Когда поравнялись с полуразрушенной каменной оградой, из-за которой виднелись кресты и верхушки могильных памятников, извозчик приподнялся на козлах и ткнул кнутовищем в невидимое пространство.

— Завод Гуревича.

На Сергея Петровича нахлынула волна воспоминаний: на этом заводе им пройдены первые шаги самостоятельной жизни.

— Всех святых кладбищенская... — угрюмо объявил извозчик, осенив себя крестным знамением. Он указал кнутовищем на купол одинокой церковки.

У небольшого мостика, на взгорье, лошадь вдруг стала, шумно вздохнув, как удрученный бедою человек.

Извозчик виновато посмотрел на своего пассажира.

— Вы на нее не серчайте, товарищ хороший, стара она, а кормежка — один раз в день. В городе никакой добычи на этот счет, а деревни бандиты обсели.

Он слез с козел, подтянул чересседельник, поправил наклонившуюся дугу и, погладив вылинявшую, в буграх, шею лошади, заговорил с нею:

— Ехать надо, милая... До рынка недалече, маленько поднатужься, ужо на сенцо и заработаем...

В стороне показались мрачные башни грязно-серого цвета, и Сергею Петровичу стало не по себе. Он даже кашлянул, заерзав на сиденье.

— Тюрьма, — сообщил извозчик.

Бородин, конечно, знал эти места. Но ему не хотелось перебивать старого человека, который пытался таким образом развлечь своего пассажира, а может, и просто поговорить от скуки.

Хмурое небо все больше затягивалось серыми тучами, и когда впереди показались каменные белые флигельки, извозчик оживился, вспоминая:

— Скоро богоугодное заведение. А на этом самом месте, — вытянул он руку с кнутовищем в сторону покрытого холмами поля, — ярмарки были. Какие ярмарки! Пуд овса — четыре копейки.

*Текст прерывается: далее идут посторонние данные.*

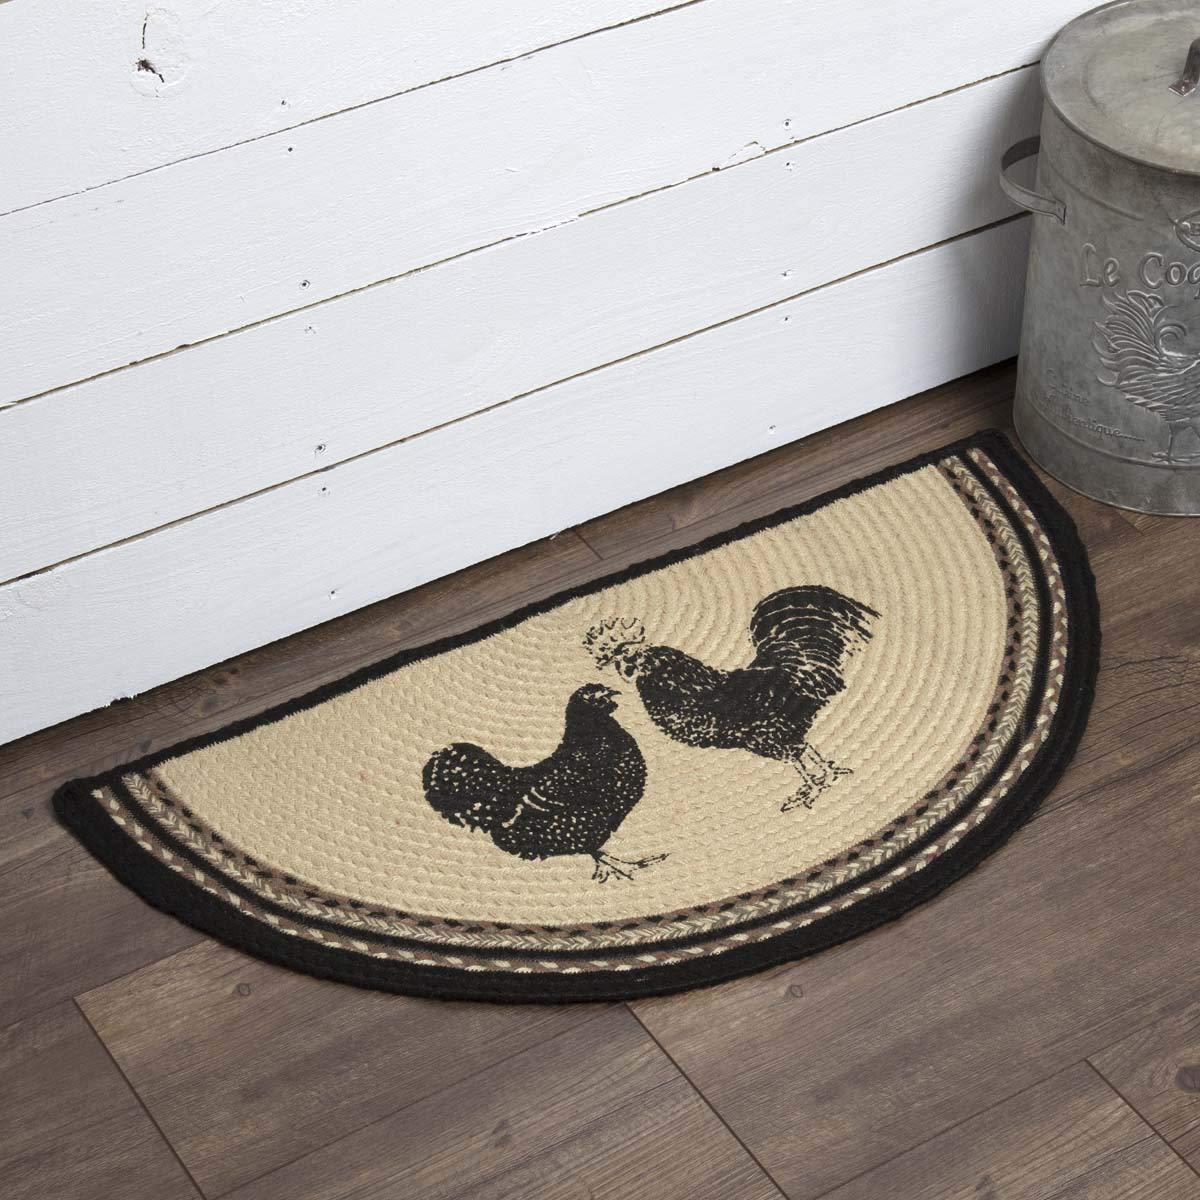 Amazon.com: VHC marcas Sawyer Molino Aves de corral de la ...

Здешние ярмарки помнил и Сергей Петрович. На взгорье стояла карусель. Сидя на деревянной лошади, раскрашенной в зеленую краску, можно было разглядеть все вокруг: рогатых волов, тянущих мажары с красивыми глиняными кувшинами, белый фартук важного мороженщика, черный цилиндр шпагоглотателя. Иногда здесь останавливался цыганский табор.

— Коли интерес имеете, посмотрите на этот памятник, — прервал извозчик нахлынувшие на Бородина воспоминания о юности. — Англичанин, а добра людям много сделал.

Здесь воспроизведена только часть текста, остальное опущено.